*** Begin section ***
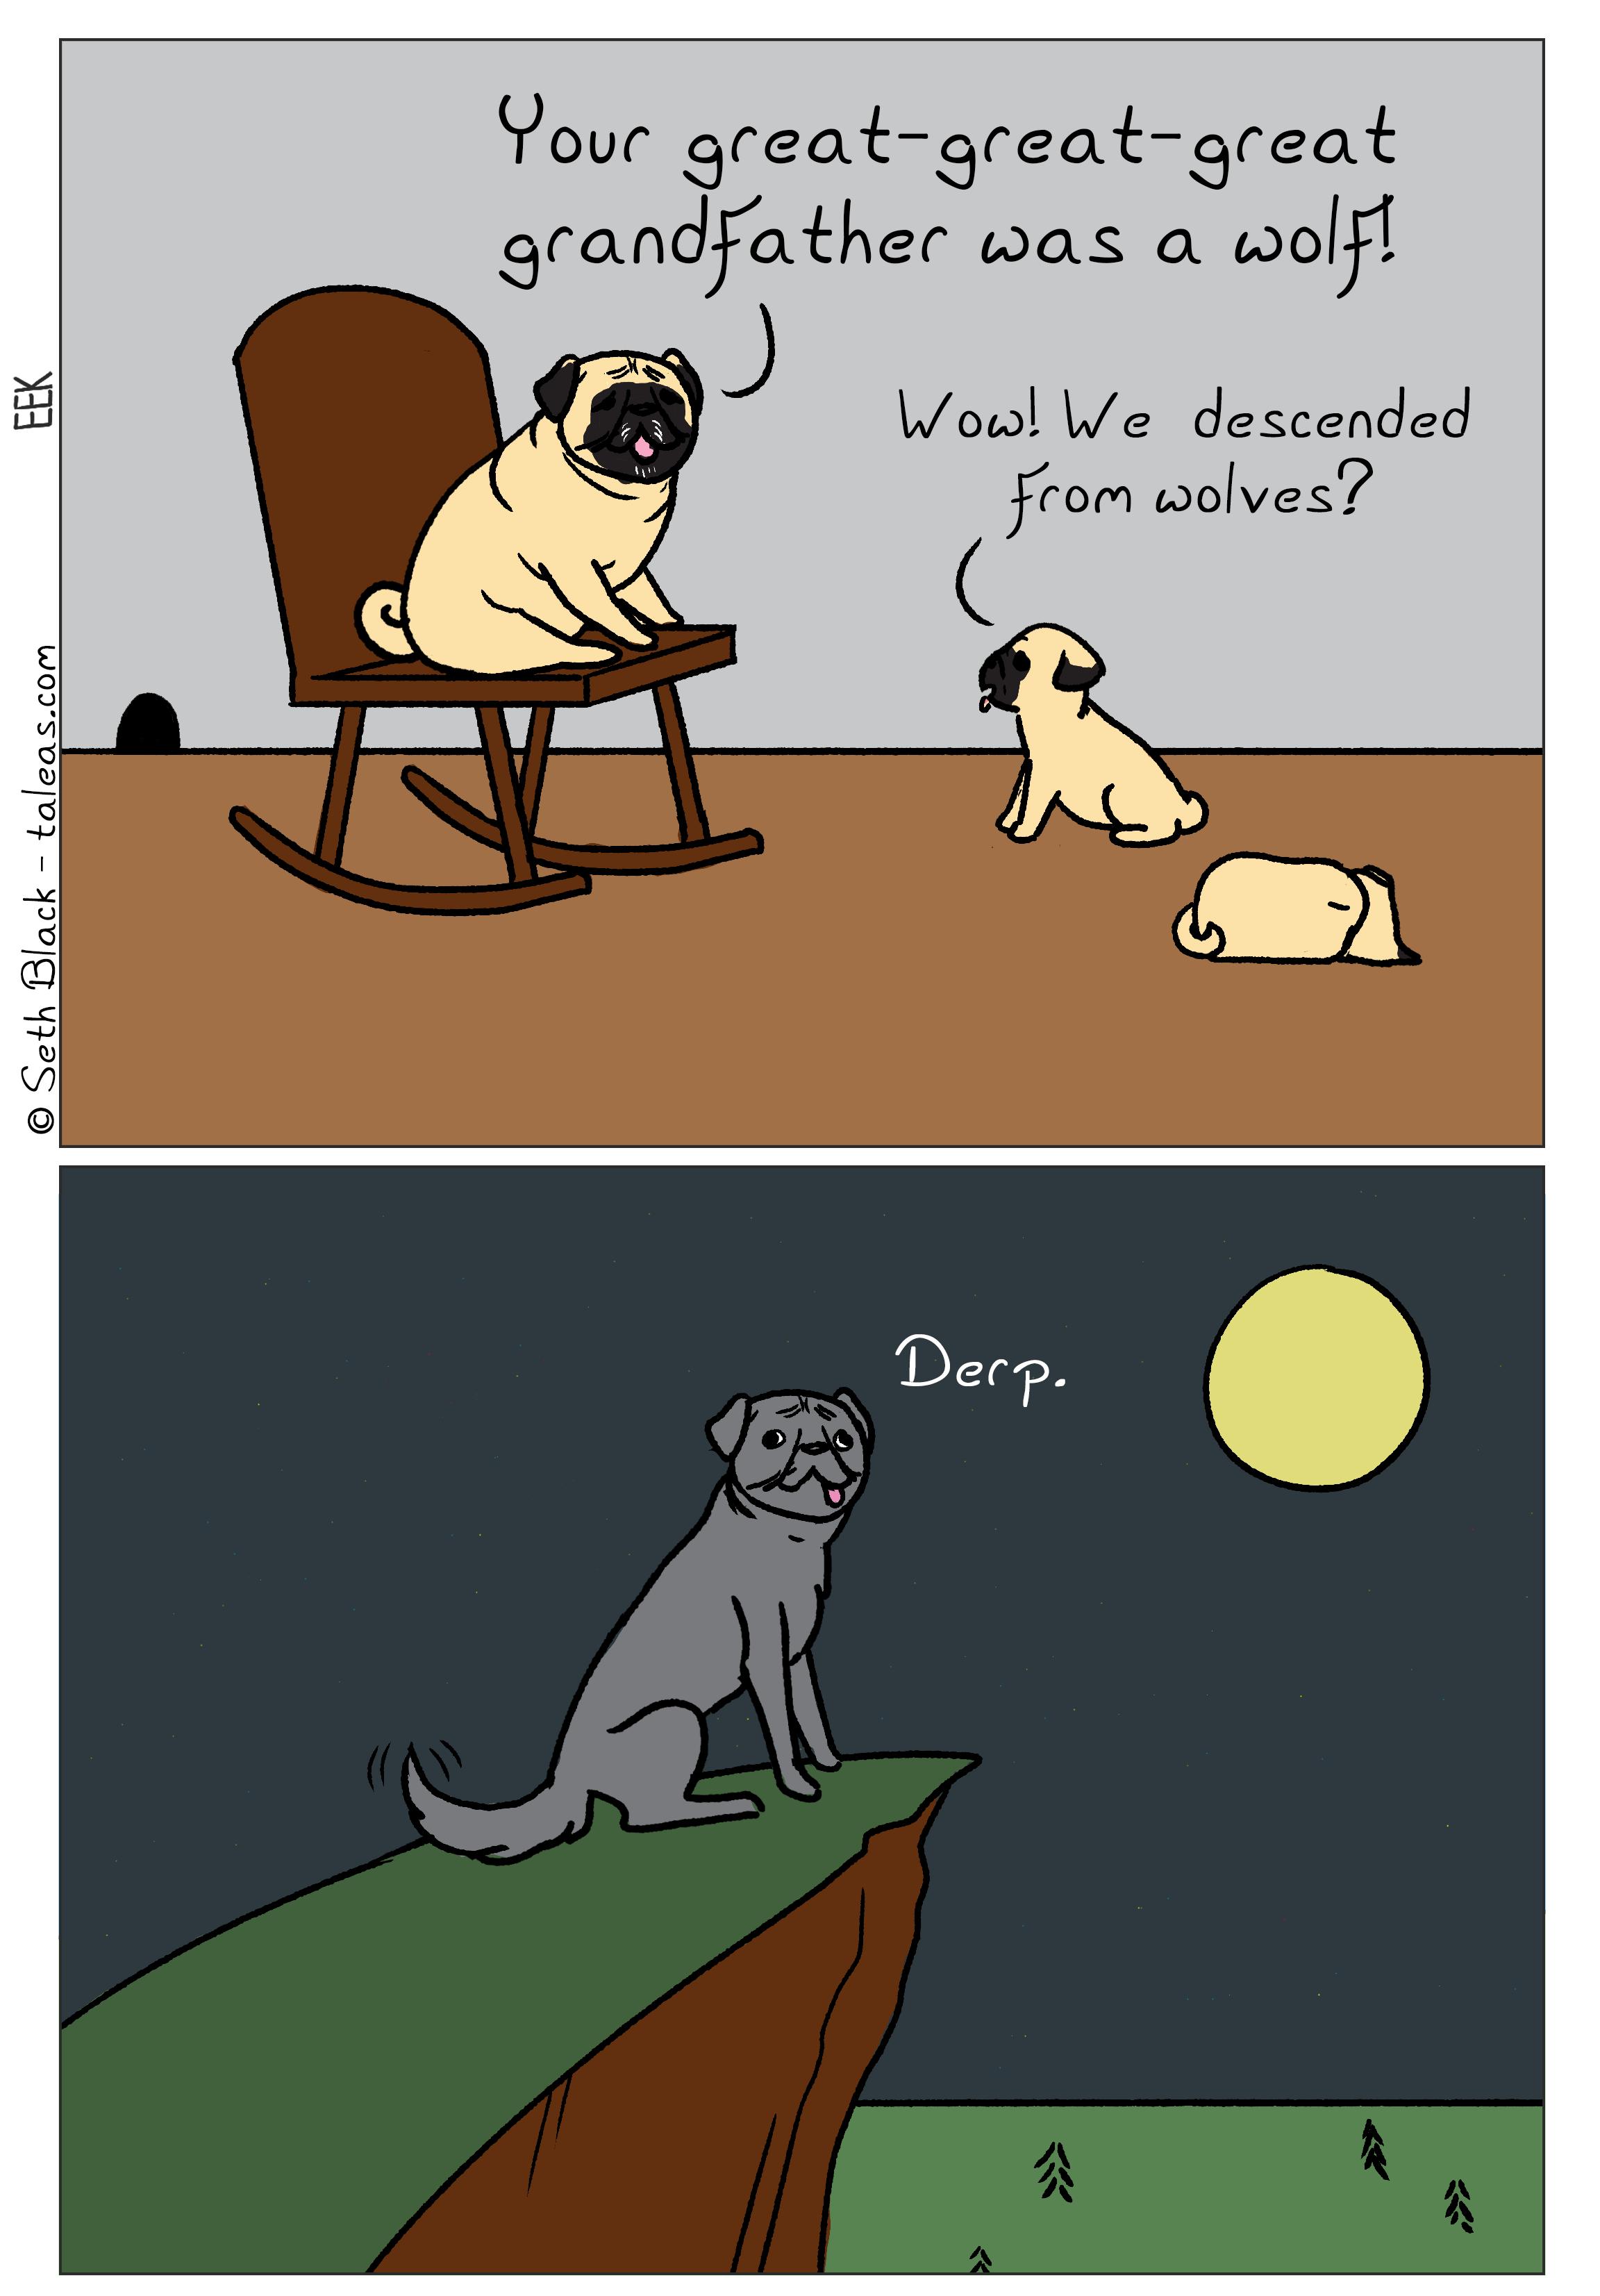 An old pug sits in a rocking chair with two pups at his feet. One pup is asleep. The old pug says, "Your great-great-great grandfather was a wolf!". The other pup exclaims, "Wow! We descended from wolves?" In a second panel, a dog stands majestically on a cliff looking over his domain while the moon hangs overhead - the dog has a wolf's body, a pug's face, and wags its tail furiously. The dog is labeled, "Derp."
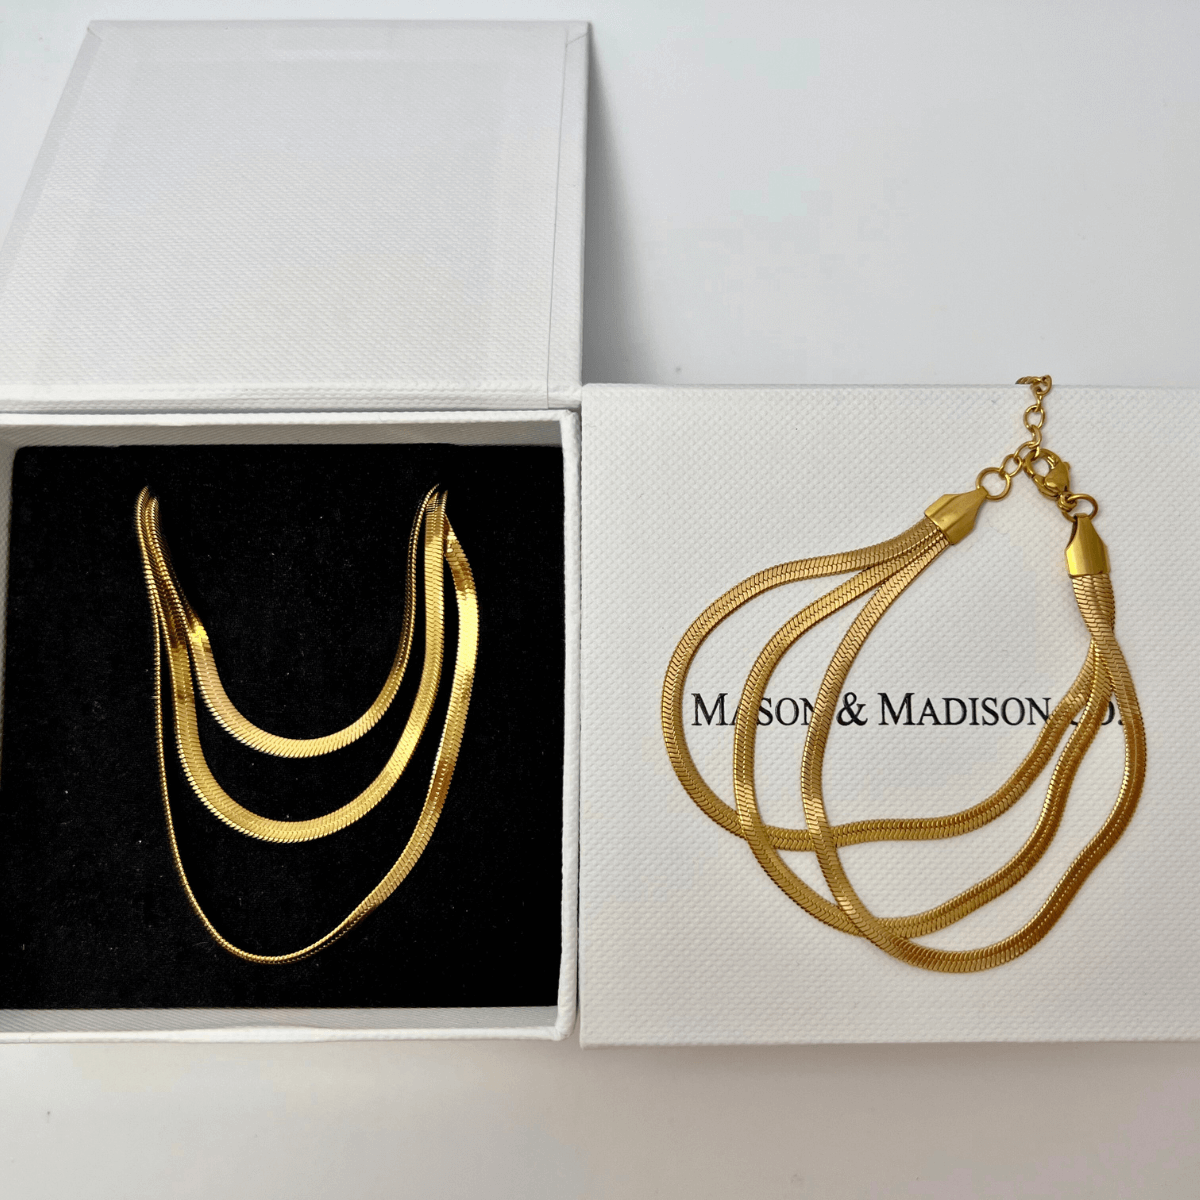 1# BEST Gold Layered Layering Chain Jewelry Bundle Set Gift for Women | #1 Best Most Top Trendy Trending Aesthetic Yellow Gold Layered Layering Chain Necklace, Bracelet Jewelry Bundle Set Gift for Women, Mother, Wife, Ladies | Mason & Madison Co.
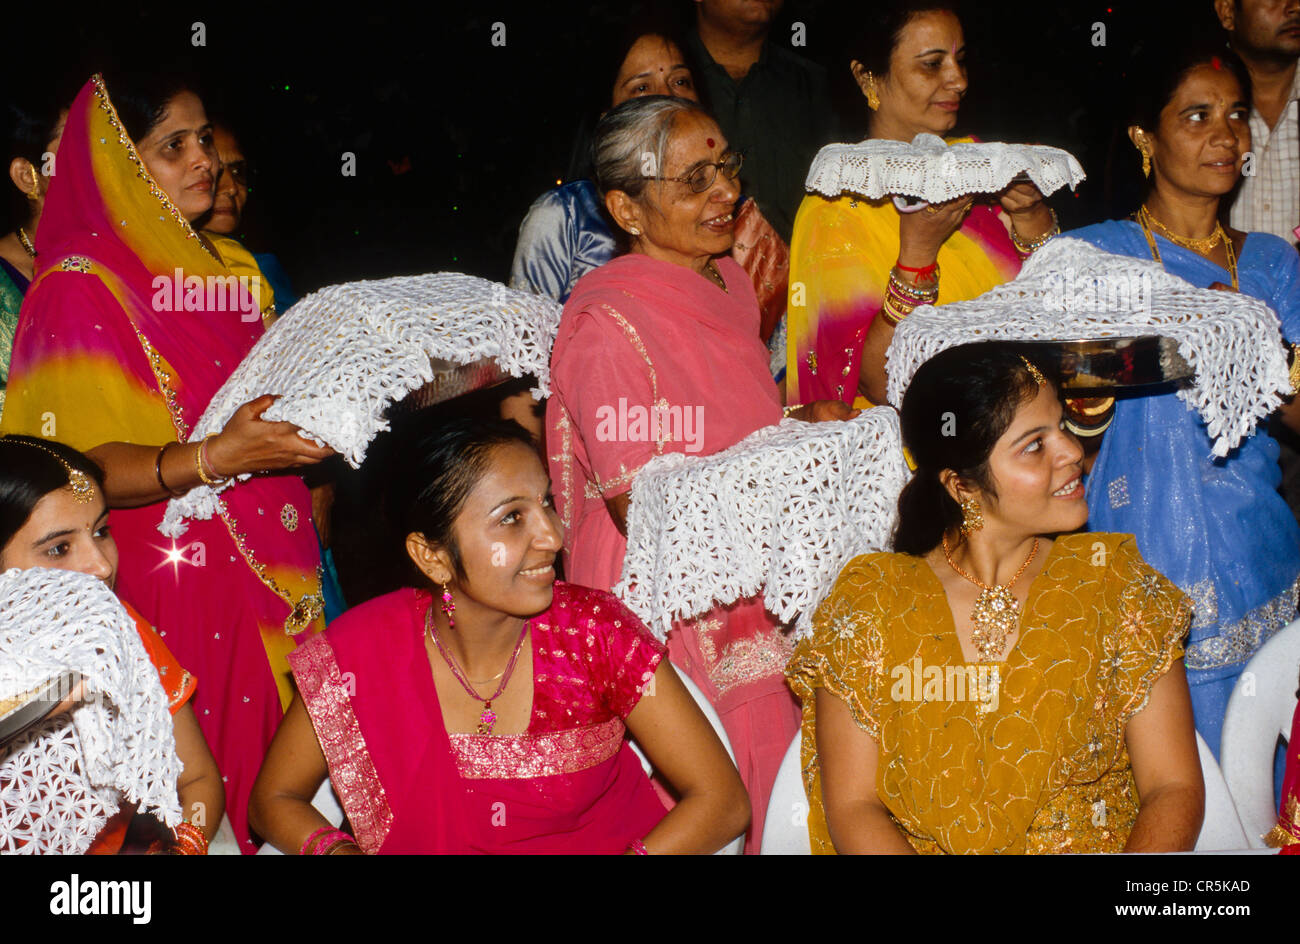 Family members offering presents during a wedding ceremony, Udaipur, Rajasthan, India, Asia Stock Photo
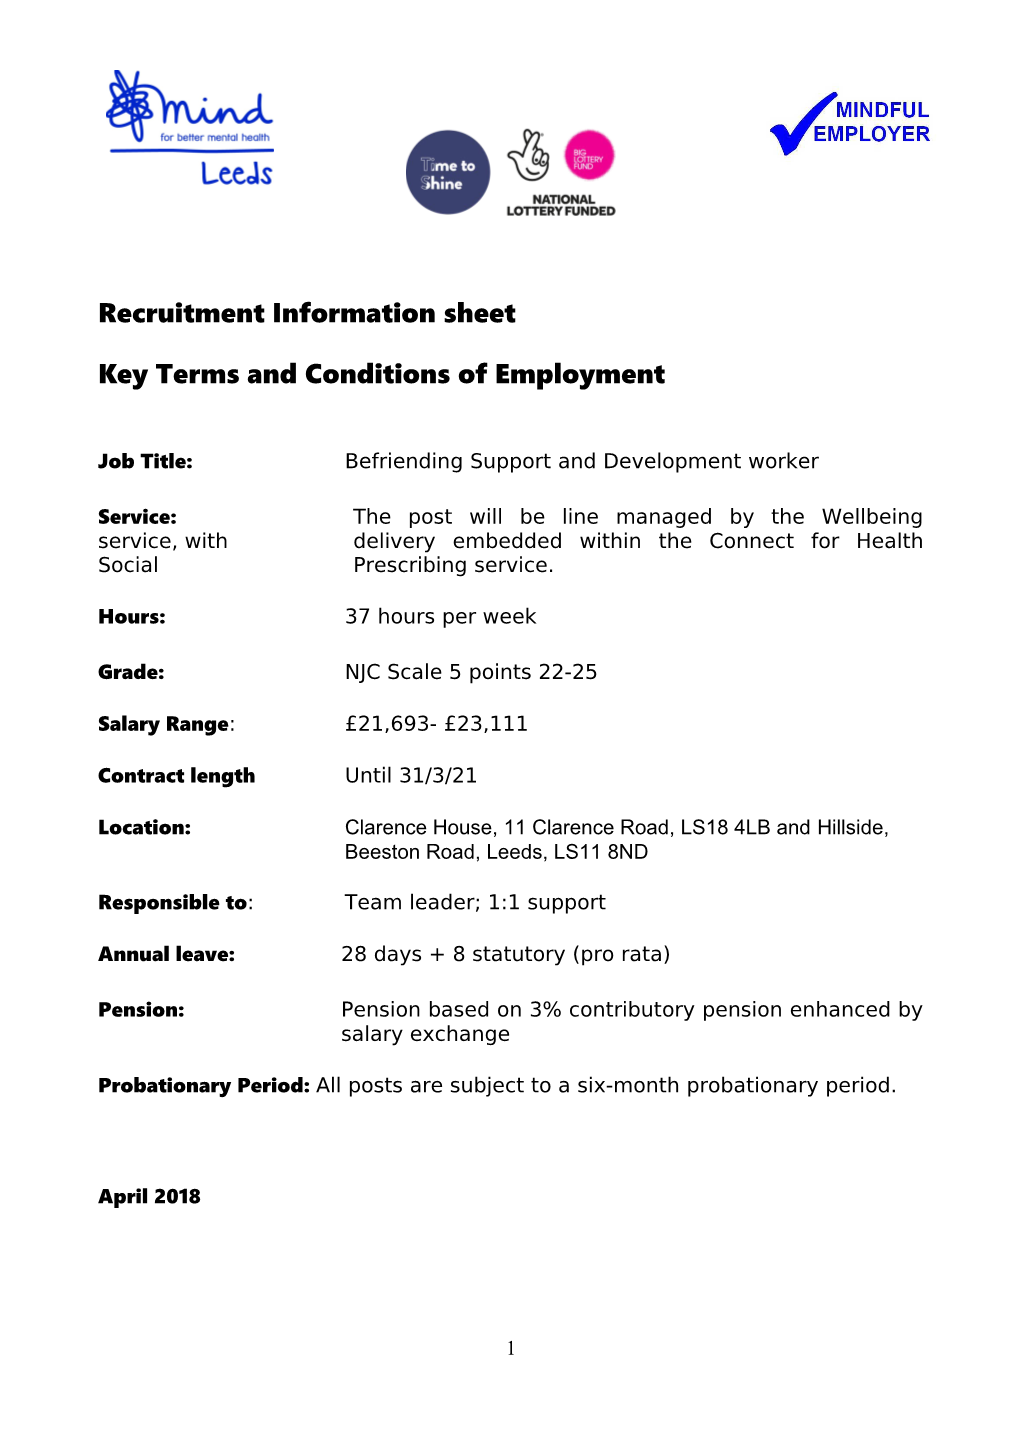 Key Terms and Conditions of Employment
*** End section ***
* **AIM OF THE EXERCISE**
Retype the data exactly as it stands, but keep the images out of your copy.

* **EXERCISE ANSWER**
 An old pug sits in a rocking chair with two pups at his feet. One pup is asleep. The old pug says, "Your great-great-great grandfather was a wolf!". The other pup exclaims, "Wow! We descended from wolves?" In a second panel, a dog stands majestically on a cliff looking over his domain while the moon hangs overhead - the dog has a wolf's body, a pug's face, and wags its tail furiously. The dog is labeled, "Derp."
 1# BEST Gold Layered Layering Chain Jewelry Bundle Set Gift for Women | #1 Best Most Top Trendy Trending Aesthetic Yellow Gold Layered Layering Chain Necklace, Bracelet Jewelry Bundle Set Gift for Women, Mother, Wife, Ladies | Mason & Madison Co.
 Family members offering presents during a wedding ceremony, Udaipur, Rajasthan, India, Asia Stock Photo
 Key Terms and Conditions of Employment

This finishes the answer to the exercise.